▶ **HOW TO COMPLETE THIS TASK**: Write back every record verbatim.

▶ **RECORDS PROVIDED**:
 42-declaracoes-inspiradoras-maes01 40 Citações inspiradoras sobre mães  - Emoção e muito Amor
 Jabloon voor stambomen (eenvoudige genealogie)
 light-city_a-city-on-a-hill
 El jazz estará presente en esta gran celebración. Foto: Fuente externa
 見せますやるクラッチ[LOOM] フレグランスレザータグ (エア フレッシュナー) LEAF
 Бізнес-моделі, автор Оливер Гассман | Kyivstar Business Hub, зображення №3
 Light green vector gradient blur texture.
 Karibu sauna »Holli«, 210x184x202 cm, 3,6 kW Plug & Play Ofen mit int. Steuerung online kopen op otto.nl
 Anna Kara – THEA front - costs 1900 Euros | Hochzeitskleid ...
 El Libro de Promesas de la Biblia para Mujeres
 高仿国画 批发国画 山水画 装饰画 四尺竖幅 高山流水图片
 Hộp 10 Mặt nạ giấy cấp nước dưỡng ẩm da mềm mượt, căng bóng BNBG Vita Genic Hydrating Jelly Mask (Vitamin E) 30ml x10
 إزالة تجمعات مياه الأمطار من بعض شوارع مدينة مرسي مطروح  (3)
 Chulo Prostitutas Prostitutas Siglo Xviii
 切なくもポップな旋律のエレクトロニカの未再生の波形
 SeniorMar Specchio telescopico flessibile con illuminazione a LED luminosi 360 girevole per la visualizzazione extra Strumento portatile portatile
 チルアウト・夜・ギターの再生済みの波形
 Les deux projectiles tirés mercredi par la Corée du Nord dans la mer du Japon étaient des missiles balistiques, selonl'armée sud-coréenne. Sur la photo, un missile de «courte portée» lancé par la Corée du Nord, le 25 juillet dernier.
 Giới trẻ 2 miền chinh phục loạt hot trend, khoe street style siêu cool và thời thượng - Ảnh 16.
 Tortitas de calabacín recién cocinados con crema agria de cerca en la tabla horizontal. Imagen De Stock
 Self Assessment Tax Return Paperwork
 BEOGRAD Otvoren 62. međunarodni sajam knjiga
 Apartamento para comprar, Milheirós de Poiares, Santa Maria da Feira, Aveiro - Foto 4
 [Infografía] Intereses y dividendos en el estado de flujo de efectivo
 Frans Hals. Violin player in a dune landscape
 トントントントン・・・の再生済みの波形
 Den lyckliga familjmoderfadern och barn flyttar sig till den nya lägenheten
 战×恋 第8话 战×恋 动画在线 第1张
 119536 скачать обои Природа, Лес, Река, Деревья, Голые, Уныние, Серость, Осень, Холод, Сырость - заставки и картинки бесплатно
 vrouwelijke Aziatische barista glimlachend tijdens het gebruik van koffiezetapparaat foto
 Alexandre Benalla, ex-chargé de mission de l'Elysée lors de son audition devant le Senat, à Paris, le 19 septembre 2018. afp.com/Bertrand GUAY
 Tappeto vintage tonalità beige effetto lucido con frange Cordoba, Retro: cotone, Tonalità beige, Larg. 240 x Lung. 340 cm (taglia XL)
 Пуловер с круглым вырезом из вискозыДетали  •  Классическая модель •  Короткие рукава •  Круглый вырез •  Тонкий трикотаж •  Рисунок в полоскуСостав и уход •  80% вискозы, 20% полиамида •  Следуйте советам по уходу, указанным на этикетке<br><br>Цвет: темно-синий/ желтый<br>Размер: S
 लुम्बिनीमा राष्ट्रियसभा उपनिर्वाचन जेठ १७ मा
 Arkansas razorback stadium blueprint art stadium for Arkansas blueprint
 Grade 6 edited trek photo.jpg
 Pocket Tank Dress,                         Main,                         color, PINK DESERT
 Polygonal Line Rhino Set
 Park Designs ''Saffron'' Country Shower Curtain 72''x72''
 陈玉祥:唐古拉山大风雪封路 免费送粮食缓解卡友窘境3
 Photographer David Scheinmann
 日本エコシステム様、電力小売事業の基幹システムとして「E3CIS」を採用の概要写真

▶ **OUTPUT BELOW**:
 42-declaracoes-inspiradoras-maes01 40 Citações inspiradoras sobre mães  - Emoção e muito Amor
 Jabloon voor stambomen (eenvoudige genealogie)
 light-city_a-city-on-a-hill
 El jazz estará presente en esta gran celebración. Foto: Fuente externa
 見せますやるクラッチ[LOOM] フレグランスレザータグ (エア フレッシュナー) LEAF
 Бізнес-моделі, автор Оливер Гассман | Kyivstar Business Hub, зображення №3
 Light green vector gradient blur texture.
 Karibu sauna »Holli«, 210x184x202 cm, 3,6 kW Plug & Play Ofen mit int. Steuerung online kopen op otto.nl
 Anna Kara – THEA front - costs 1900 Euros | Hochzeitskleid ...
 El Libro de Promesas de la Biblia para Mujeres
 高仿国画 批发国画 山水画 装饰画 四尺竖幅 高山流水图片
 Hộp 10 Mặt nạ giấy cấp nước dưỡng ẩm da mềm mượt, căng bóng BNBG Vita Genic Hydrating Jelly Mask (Vitamin E) 30ml x10
 إزالة تجمعات مياه الأمطار من بعض شوارع مدينة مرسي مطروح  (3)
 Chulo Prostitutas Prostitutas Siglo Xviii
 切なくもポップな旋律のエレクトロニカの未再生の波形
 SeniorMar Specchio telescopico flessibile con illuminazione a LED luminosi 360 girevole per la visualizzazione extra Strumento portatile portatile
 チルアウト・夜・ギターの再生済みの波形
 Les deux projectiles tirés mercredi par la Corée du Nord dans la mer du Japon étaient des missiles balistiques, selonl'armée sud-coréenne. Sur la photo, un missile de «courte portée» lancé par la Corée du Nord, le 25 juillet dernier.
 Giới trẻ 2 miền chinh phục loạt hot trend, khoe street style siêu cool và thời thượng - Ảnh 16.
 Tortitas de calabacín recién cocinados con crema agria de cerca en la tabla horizontal. Imagen De Stock
 Self Assessment Tax Return Paperwork
 BEOGRAD Otvoren 62. međunarodni sajam knjiga
 Apartamento para comprar, Milheirós de Poiares, Santa Maria da Feira, Aveiro - Foto 4
 [Infografía] Intereses y dividendos en el estado de flujo de efectivo
 Frans Hals. Violin player in a dune landscape
 トントントントン・・・の再生済みの波形
 Den lyckliga familjmoderfadern och barn flyttar sig till den nya lägenheten
 战×恋 第8话 战×恋 动画在线 第1张
 119536 скачать обои Природа, Лес, Река, Деревья, Голые, Уныние, Серость, Осень, Холод, Сырость - заставки и картинки бесплатно
 vrouwelijke Aziatische barista glimlachend tijdens het gebruik van koffiezetapparaat foto
 Alexandre Benalla, ex-chargé de mission de l'Elysée lors de son audition devant le Senat, à Paris, le 19 septembre 2018. afp.com/Bertrand GUAY
 Tappeto vintage tonalità beige effetto lucido con frange Cordoba, Retro: cotone, Tonalità beige, Larg. 240 x Lung. 340 cm (taglia XL)
 Пуловер с круглым вырезом из вискозыДетали  •  Классическая модель •  Короткие рукава •  Круглый вырез •  Тонкий трикотаж •  Рисунок в полоскуСостав и уход •  80% вискозы, 20% полиамида •  Следуйте советам по уходу, указанным на этикетке<br><br>Цвет: темно-синий/ желтый<br>Размер: S
 लुम्बिनीमा राष्ट्रियसभा उपनिर्वाचन जेठ १७ मा
 Arkansas razorback stadium blueprint art stadium for Arkansas blueprint
 Grade 6 edited trek photo.jpg
 Pocket Tank Dress,                         Main,                         color, PINK DESERT
 Polygonal Line Rhino Set
 Park Designs ''Saffron'' Country Shower Curtain 72''x72''
 陈玉祥:唐古拉山大风雪封路 免费送粮食缓解卡友窘境3
 Photographer David Scheinmann
 日本エコシステム様、電力小売事業の基幹システムとして「E3CIS」を採用の概要写真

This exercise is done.